LIFE | Suffering from Perfectionism


LED Installation - Yee Wong
Nails - Madeline Poole
PlaqueBasim Magdy
Editorials - Marlen Keller S/S12 and Maud Welzen in Zoo Magazine S/S12
Bed - Unknown
I don't really talk about my personal state much online. I tend to keep myself to myself, which is unusual as I am quite an extrovert. But recently I've come to question myself. Maybe I have a different persona online.

I have been lucky to experience many things in my life including a variety of sports. And yes, I can picture that baffled look on your face.

I am a sportswoman, I have been shaped into the person I am now by the activities I take part in. From horse-riding to golf and from gymnastics to 400m hurdles. You name it, there's a 95% chance I've done it.
Although sport plays a huge part in my life many of you readers would not realise this.

"How is it possible that you can be indulging yourself in sport & fashion simultaneously" you ask? I don't have an answer. I've had a very good upbringing, born into an extremely open-minded family, and keeping the perfect balance of education, sports and my online networking with fashion and culture has been tough.

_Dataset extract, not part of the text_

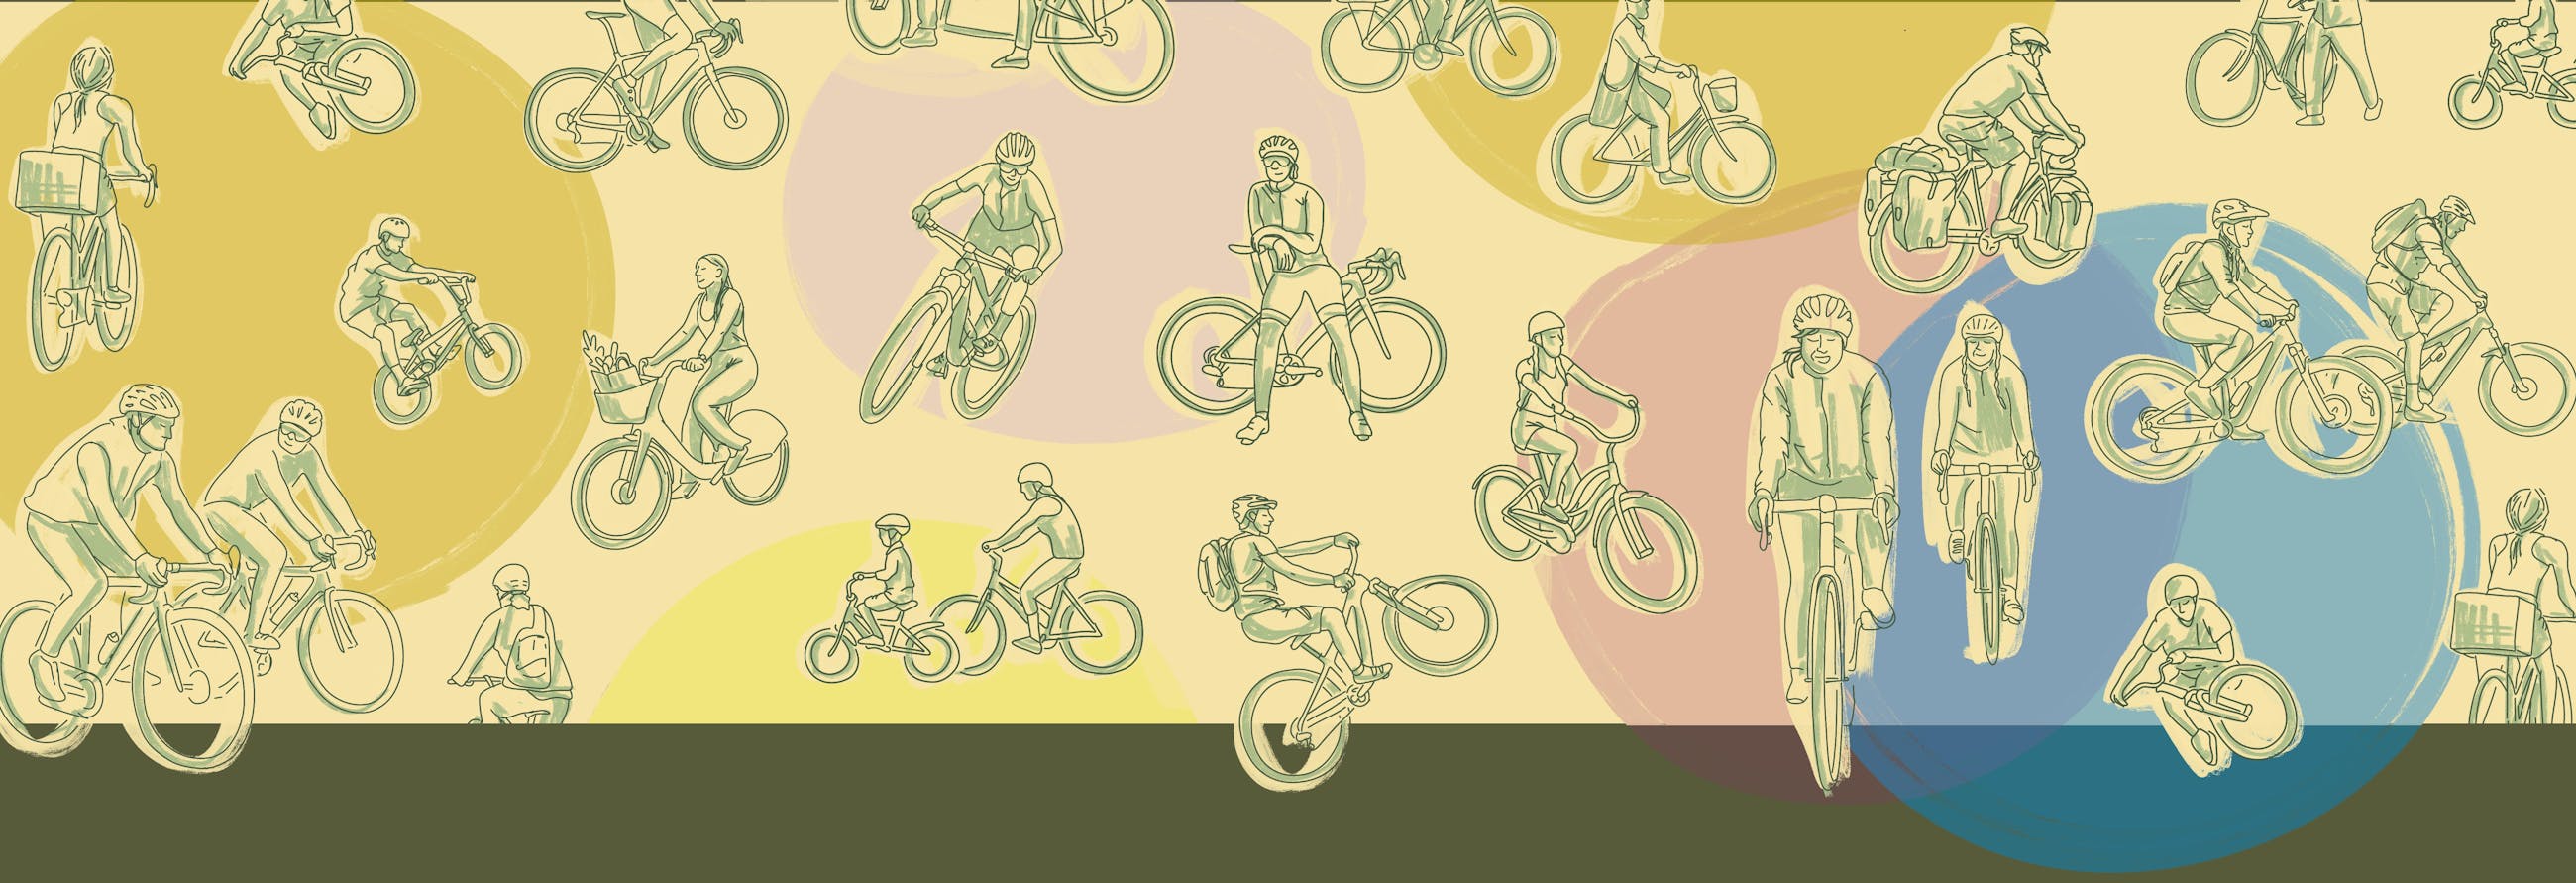 Collage of hand-drawn cyclists riding a variety of bikes

There are some days where my perfectionism and "OCD" ways get in the way of my life and I crumble. Take today for example, I was extremely close to closing down every online account I owned, including this one. This all spurred from reading Tavi's blog after a long time and seeing others being successful with their blogs got me down. According to my family I am too hard on myself. I'm also told continuously that I can't be a "Jack of all trades" - but what if I can!

My career path is set in plasticine, I can mould it to fit any situation. But the basis is that I finish college, take up a foundation course in Art & Design, move to London, get an internship or, even better, a job. Then from there I will decide my next course in life. Do I take a course in "Fashion Sportswear" at LCF? Do I work my way up the ranks in a business or design company? Do I set up my own label?  Do I train for the next Olympics? I want the possibilities to be endless.